La diferencia es que aquellos mismos países que dominaron colonias, que instaron a su población a migrar a ésos países, que devoraron sus riquezas, crearon una institucionalidad más restrictiva que les asegure disfrutar de aquello que “lograron” e impedir que los flujos migratorios inversos se realicen con las mismas facilidades que sus antepasado poblaron y explotaron gran parte del planeta.

Esa misma conectividad ultra mejorada ha permitido que el mundo avance hacia una lógica cosmopolita que es bien vista para aquellos que tienen la capacidad de viajar, cuentan con los recursos para seguir aportando a las economías desarrolladas locales. Si queremos viajar a cualquier antiguo país colonialista, debes demostrar una capacidad económica que te da la franquicia de ser bien recibido, no importa la nacionalidad a la que perteneces, vales cuanto sonante haya en tu bolsillo y en tus tarjetas de crédito. 

Pero es muy distinto para aquellos que no tienen qué ofrecer, más complejo aún, tal como lo expresa la famosa filósofa española Adela Cortina, en una sociedad reciprocadora como la que hemos construido. En ella, aquellos que no tienen para aportar en una sociedad eminentemente materialista, no son bien recibidos. Alemanes, holandeses, ingleses, daneses, fineses, suecos, daneses, en fin, son muy bien recibidos en España e incluso se les entregan facilidades para que adquieran una vivienda en alguno de los atractivos balnearios del sur del país. 

A los recibidos el sistema les acomoda, sus sueldos o pensiones rinden mucho más. Pero ¿qué pasa con aquellos que migran desde el sur, cruzan el mar Mediterráneo y que harán esfuerzos tremendos, legales e ilegales, para poder establecerse? Sin duda que para ellos, no sólo en España, en toda Europa, la cuestión es muy compleja, no son discriminados por su nacionalidad, es por su pobreza.

Las migraciones actuales tienen mucho de la lógica Sur-Norte, las condiciones sociales, políticas, económicas y culturales estructurales de los países del “Tercer Mundo” son el caldo de cultivo para que muchos de sus habitantes sueñen con el disfrutar de una buena vida, lejos de los flagelos de regímenes políticos abusivos y autoritarios, de deprimentes niveles de empleo, de insatisfechas necesidades sociales y culturales.

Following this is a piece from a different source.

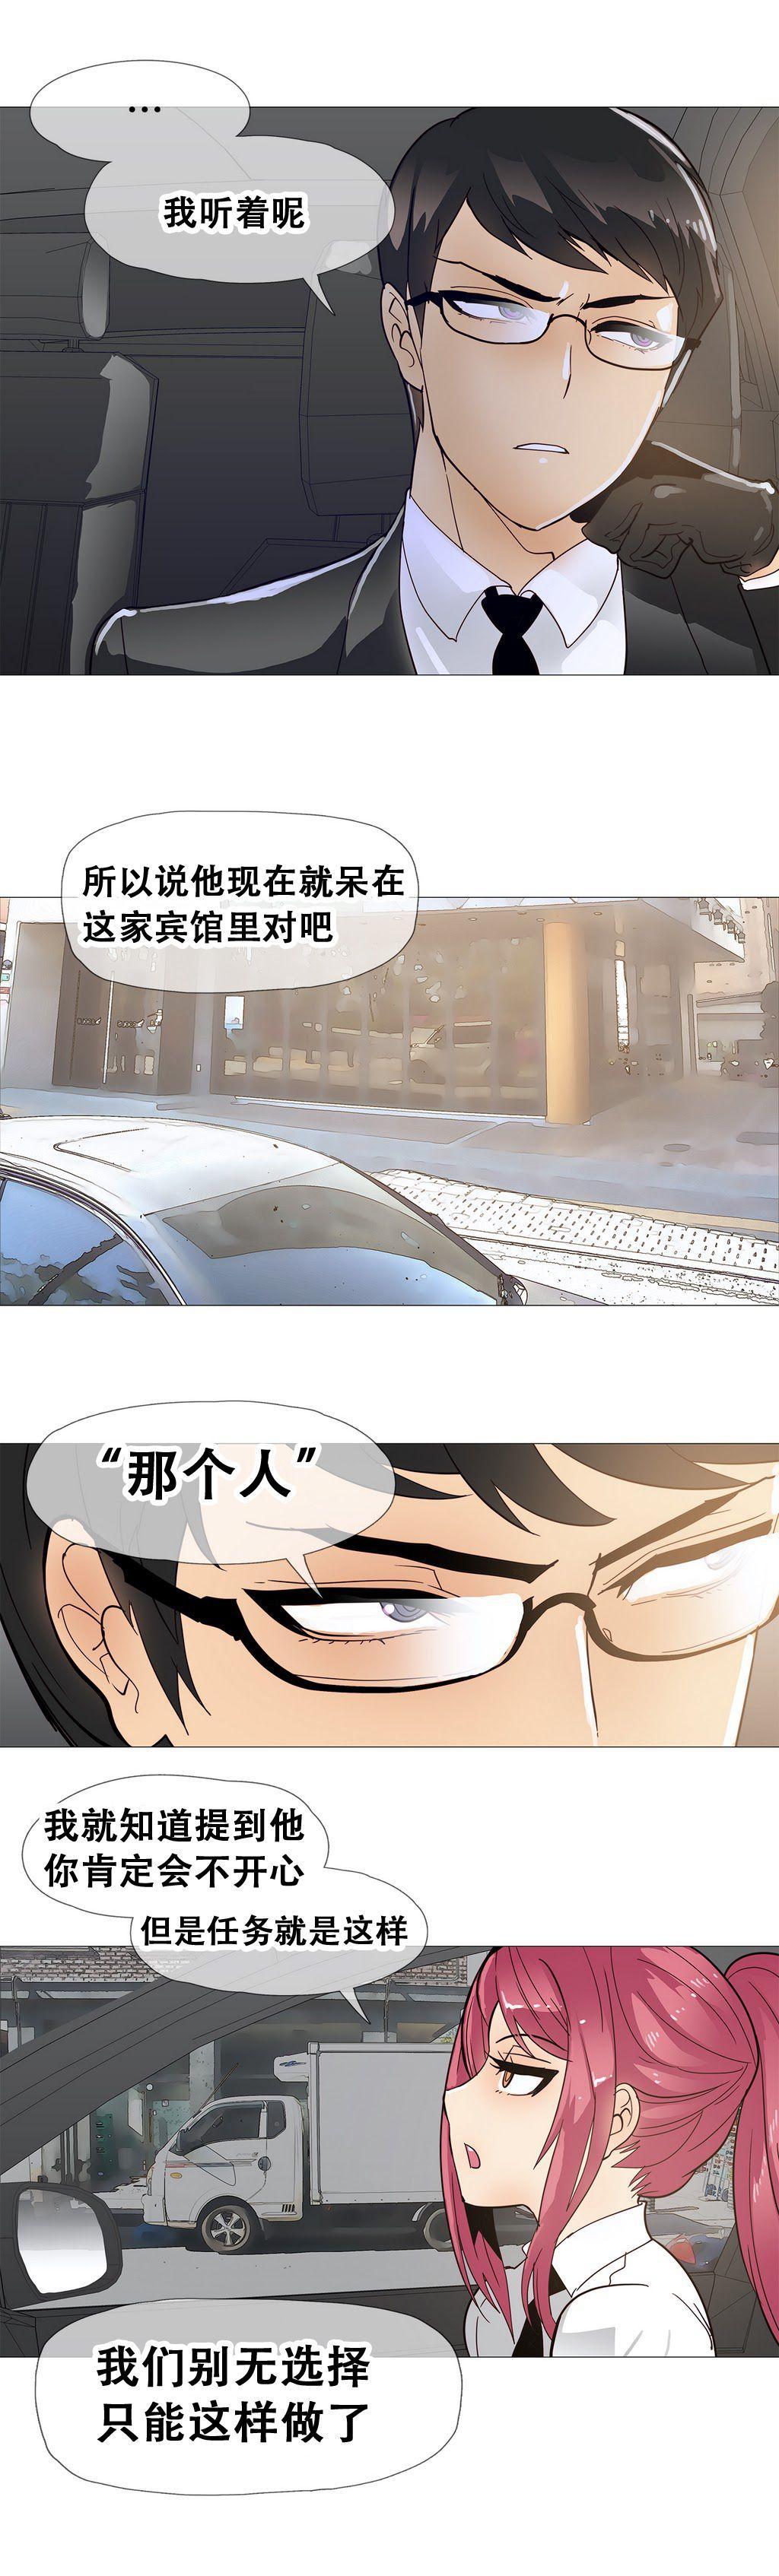 HouseHold Affairs 【卞赤鲤个人汉化】1~33话(持续更新中) 298

La lógica global de las migraciones demanda una cumbre mundial, que los países ricos asuman la responsabilidad histórica que tienen, que se generen situaciones de intercambio que permita el crecimiento integrado y no la expoliación y la fuga de las riquezas con dirección históricamente conocida y que se avance en un lógica de un cosmopolitismo efectivo, solidario y humanitario.

Este tema me resulta tremendamente pertinente de recordar, ya que desde la lógica global, podemos desplazarnos al espacio regional, Venezuela, Colombia, Ecuador, Perú, Bolivia y Chile están enfrentando una crisis migracional, con un panorama que se complejiza cada día, que levanta intereses populistas y que alimenta odios y diferencias. 

Ojalá los países entiendan que en la cooperación debe estar la respuesta adecuada, que los gobiernos nacionales, de donde las personas huyen asuman sus responsabilidades, deben reaccionar ante una verdadera bofetada en la cara que los interpela ante los suyos principalmente y para los países receptores recordar que no hace mucho tiempo sus hijos migraron a países de los que hoy reciben migrantes. 

Sin ir más lejos muchos de los nietos, bisnietos de la querida abuela Filomena, que llegó a principios del siglo a Chile desde Palestina, hoy se encuentran en Colombia, país que los acogió entrañablemente desde hace casi cincuenta años, formaron y vieron crecer sus familias y han aportado su granito de arena en la construcción diaria de tan bello pueblo.